Nick Shaker graduated from Georgetown College in 2012 with an Arabic and English double major. Originally from Seattle, Washington, he spent the 2010/2011 academic year in Amman, Jordan, where he wrote for the Junior Year Abroad Network.
October 31, 2010
Religion constituted a significant portion of my childhood. My family went to church every week and prayed before meals and bed. Being Catholic was a major part of my identity, but my entire concept of being religious changed when I arrived in Jordan. Ninety-two percent of Jordanians are Sunni Muslim, six percent are Christian and the other two percent are Shia or Druze. There is no population of people identifying as agnostic, atheist or without religion. This came as a major surprise, especially since I come from a city where less than 40% of residents identify with a specific religious organization. However, soon after my arrival I learned that this demographic is true and apparent in daily life.
To start, Arabic speakers employ religious phrases frequently in their everyday speech. When I tell a taxi driver my destination, he responds God willing. When my professors ask how I am, I respond thanks be to God. And at the top of many car windshields and over many doors are the words in the name of God or what God wills. These examples show that religion infiltrates even the most mundane aspects of daily life.
Along the same lines is the music choice of many cab drivers. When I get into a cab and the radio is on there is a small chance that music is playing. Most likely the radio is playing readings from the Quran. If I am in a cab when the Call to Prayer starts, I can expect that my cab driver will turn off whatever music is playing, change the station to the broadcasting Call to Prayer and all talking will cease for five minutes while the prayer takes place. There may be no conversation of religion in the cab before or after this event, and the driver may be my age and wearing a Rolling Stones shirt, but religion ensues. This all goes to show that religion plays a larger role in peoples routine lives here than in the United States.

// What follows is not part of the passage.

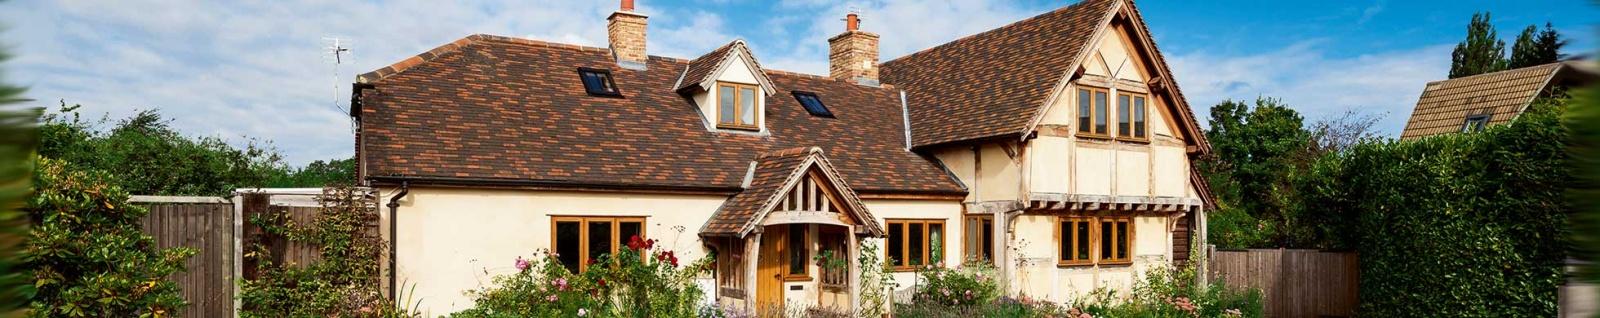 oak frame cottage in spring

Another example of this is my host family. My host parents are Evangelical Christians, representing a small sect of the Christian minority. When I first learned this I expected them to be seriously religious like most Evangelicals I know, but nothing could have prepared me for the extent of their devotion. Every piece of art, every calendar, every notebook and book in their house has to do with Jesus. When the television is on, it is tuned to religious programs, most of them discussing Islam and Christianity. Adding to this, most of my conversations with them revolve around Christ or Christian theology. When I came home from my first day of classes they asked my professors family names to see if they were Christians or Muslims. It is clear that religion is the dominating factor in these peoples lives.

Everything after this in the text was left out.